After training epoch stop. We can get the fusion model checkpoint file like `checkpoint_lenet.ckpt`. Meanwhile, we can evaluate this fusion model.

```python
python eval.py --data_path MNIST_Data --device_target Ascend --ckpt_path checkpoint_lenet.ckpt
```

The top1 accuracy would display on shell.

```bash
>>> Accuracy: 98.53.
```

## Train quantization aware model

### Define quantization aware model

You will apply quantization aware training to the whole model and the layers of "fake quant op" are insert into the whole model.
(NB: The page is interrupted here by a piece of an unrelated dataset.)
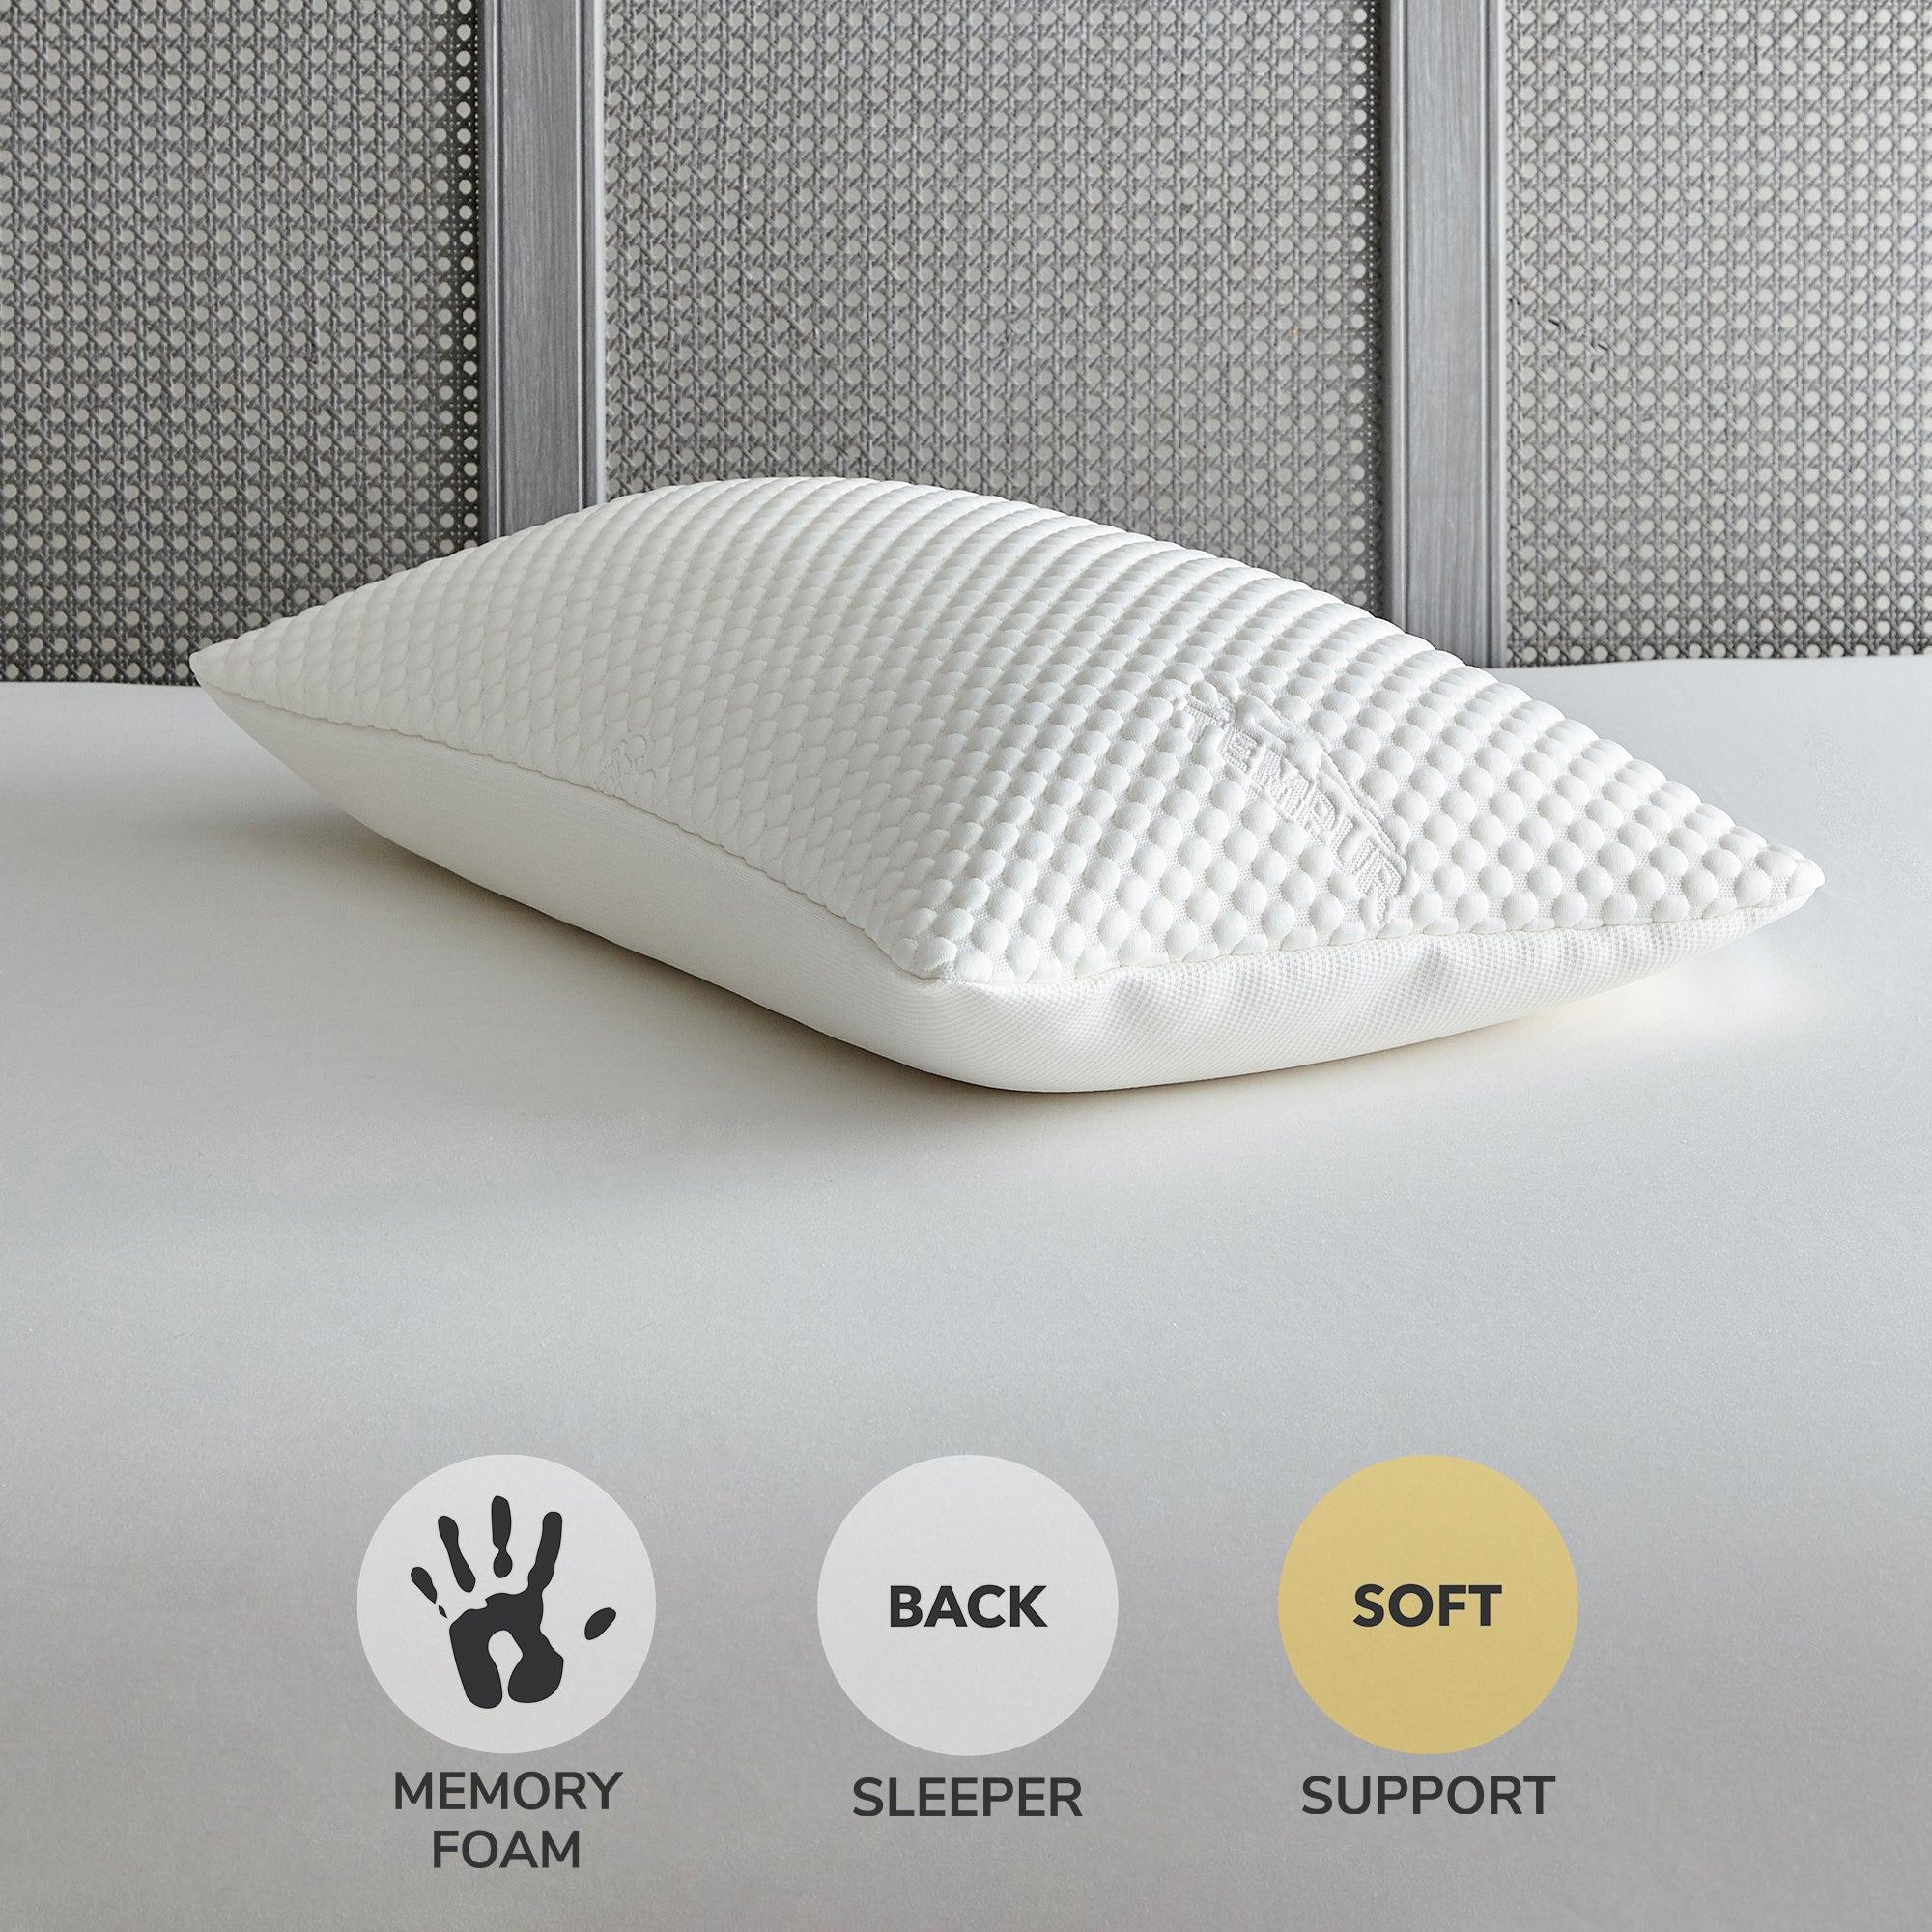 Image of Tempur Cloud Medium-Support Pillow White

All layers are now perpare by "fake quant op".

Note that the resulting model is quantization aware but not quantized (e.g. the weights are float32 instead of int8).

```python
# define funsion network
network = LeNet5Fusion(cfg.num_classes)

# load quantization aware network checkpoint
param_dict = load_checkpoint(args.ckpt_path)
load_param_into_net(network, param_dict)

# convert funsion netwrok to quantization aware network
network = quant.convert_quant_network(network)
```

### load checkpoint

After convert to quantization aware network, we can load the checkpoint file.

```python
config_ck = CheckpointConfig(save_checkpoint_steps=cfg.epoch_size * step_size,
                             keep_checkpoint_max=cfg.keep_checkpoint_max)
ckpoint_cb = ModelCheckpoint(prefix="checkpoint_lenet", config=config_ck)
model = Model(network, net_loss, net_opt, metrics={"Accuracy": Accuracy()})
```

### train quantization aware model

Also, you can just run this command instead.

```python
python train_quant.py --data_path MNIST_Data --device_target Ascend --ckpt_path checkpoint_lenet.ckpt
```

After all the following we will get the loss value of each step as following:

```bash
>>> Epoch: [  1/ 10] step: [  1/ 900], loss: [2.3040/2.5234], time: [1.300234]
>>> ...
>>> Epoch: [ 9/ 10] step: [887/ 900], loss: [0.0113/0.0223], time: [1.300234]
>>> Epoch: [ 9/ 10] step: [888/ 900], loss: [0.0334/0.0223], time: [1.300234]
>>> Epoch: [ 9/ 10] step: [889/ 900], loss: [0.0233/0.0223], time: [1.300234]
```

### Evaluate quantization aware model

Procedure of quantization aware model evaluation is different from normal. Because the checkpoint was create by quantization aware model, so we need to load fusion model checkpoint before convert fusion model to quantization aware model.

```python
# define funsion network
network = LeNet5Fusion(cfg.num_classes)

# load quantization aware network checkpoint
param_dict = load_checkpoint(args.ckpt_path)
load_param_into_net(network, param_dict)

# convert funsion netwrok to quantization aware network
network = quant.convert_quant_network(network)
```

Also, you can just run this command insread.

```python
python eval_quant.py --data_path MNIST_Data --device_target Ascend --ckpt_path checkpoint_lenet.ckpt
```

The top1 accuracy would display on shell.

```bash
>>> Accuracy: 98.54.
```

## Note

Here are some optional parameters:

```bash
--device_target {Ascend,GPU}
    device where the code will be implemented (default: Ascend)
--data_path DATA_PATH
    path where the dataset is saved
--dataset_sink_mode DATASET_SINK_MODE
    dataset_sink_mode is False or True
```

You can run ```python train.py -h``` or ```python eval.py -h``` to get more information.

We encourage you to try this new capability, which can be particularly important for deployment in resource-constrained environments.